* **To do**: Would you retype the whole listing exactly, leaving its pictures out?

* **Provided data**:
****************************************

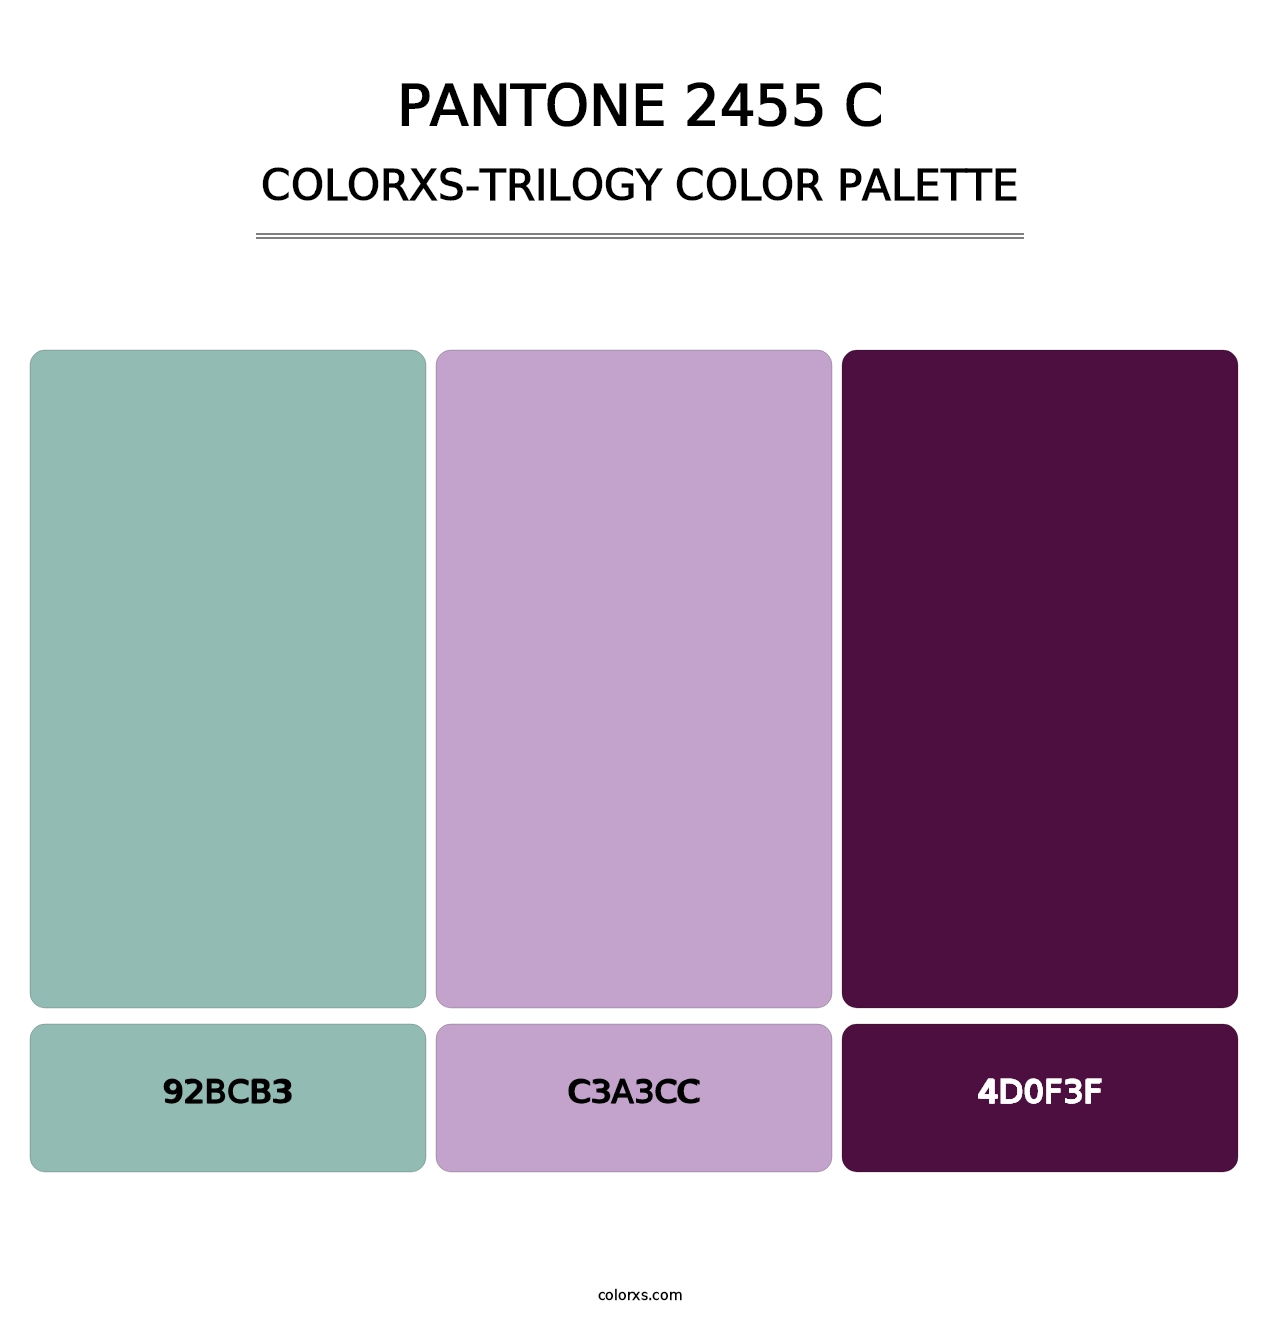 PANTONE 2455 C - Colorxs Trilogy Palette
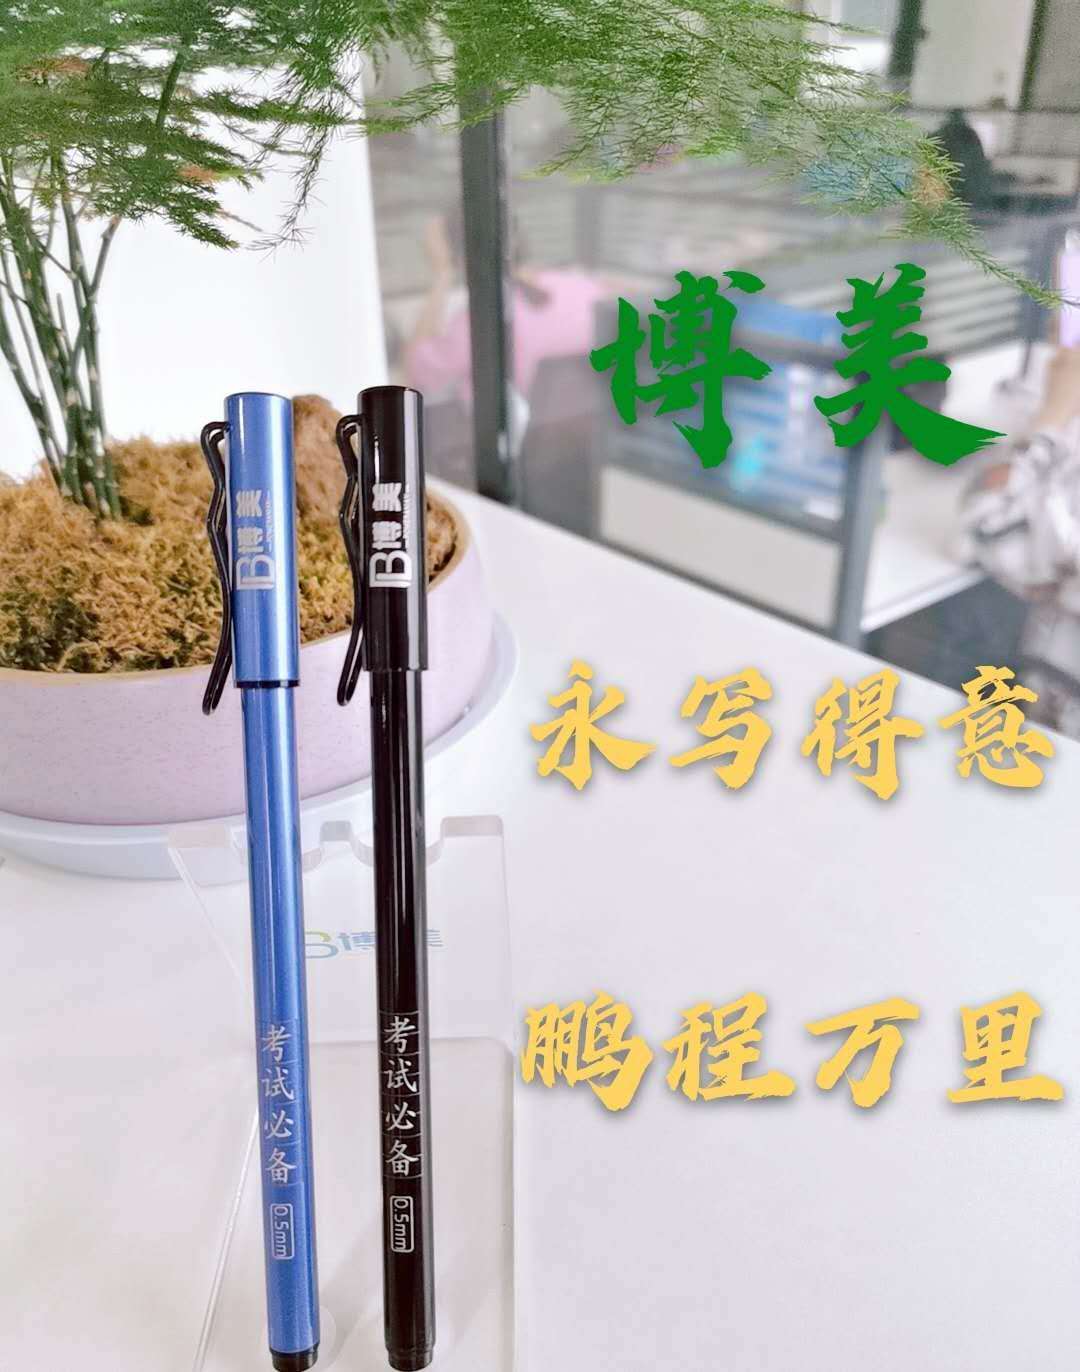 笔芯加工2020年在家做手工加工，南昌博美笔业笔芯加工提供真实的代加工项目
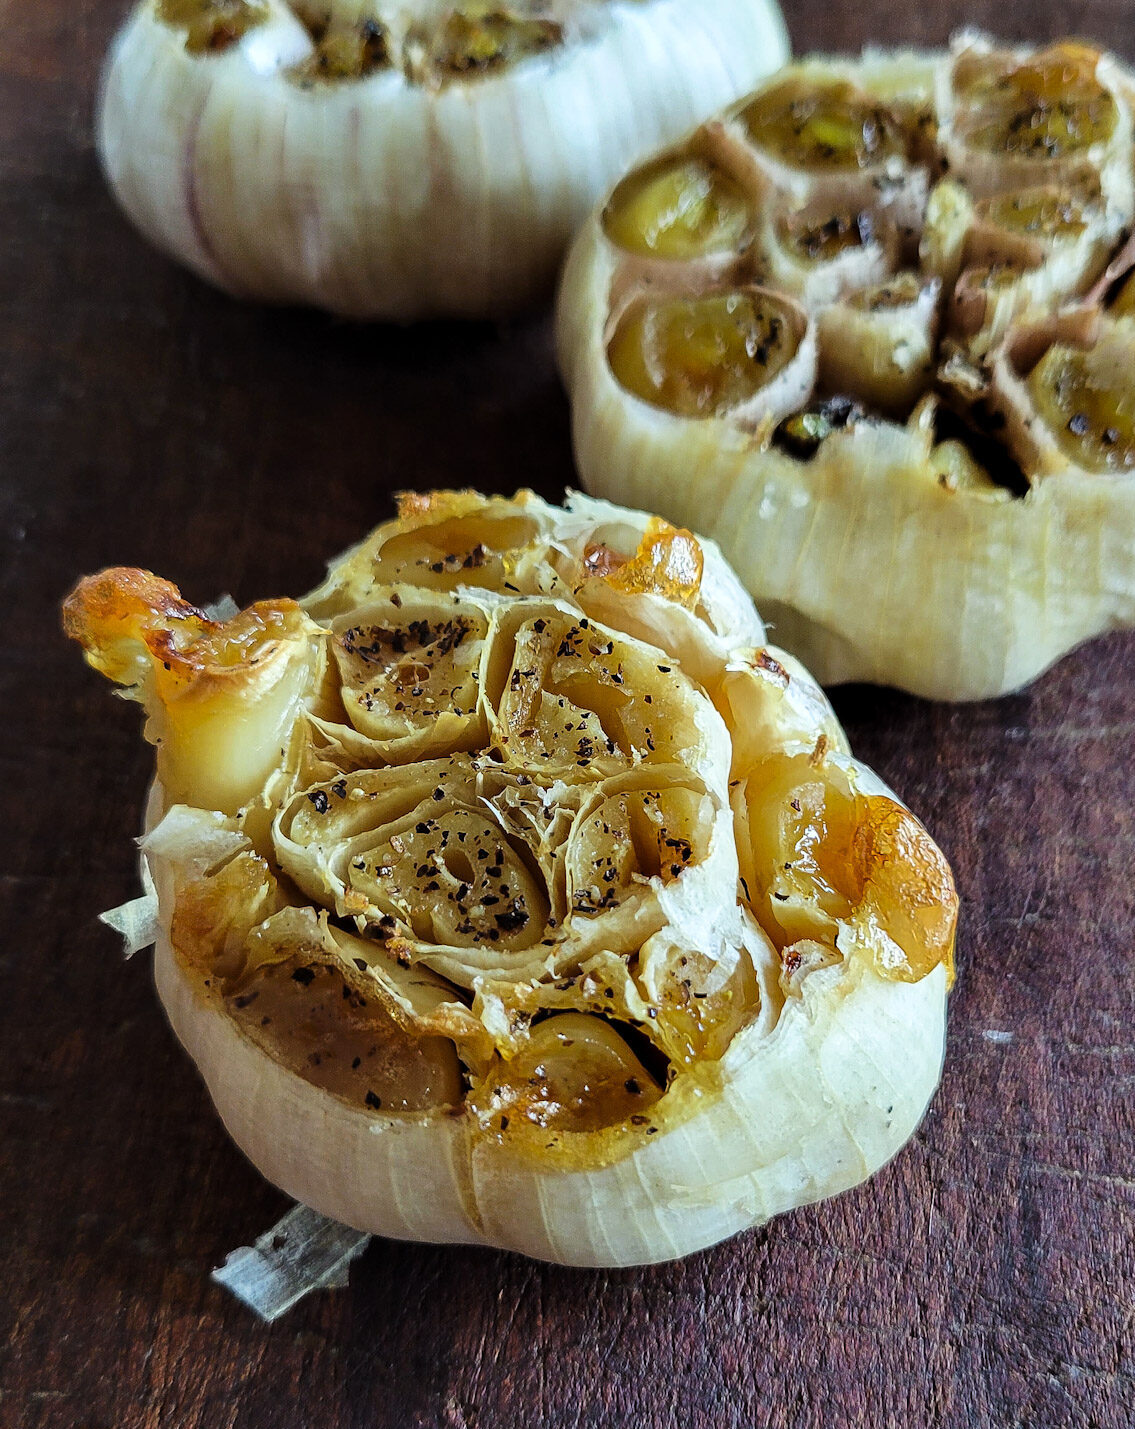 Three heads of creamy roasted garlic sitting on a cutting board.

****************************************

* **Your response**:
 PANTONE 2455 C - Colorxs Trilogy Palette
 笔芯加工2020年在家做手工加工，南昌博美笔业笔芯加工提供真实的代加工项目
 Three heads of creamy roasted garlic sitting on a cutting board.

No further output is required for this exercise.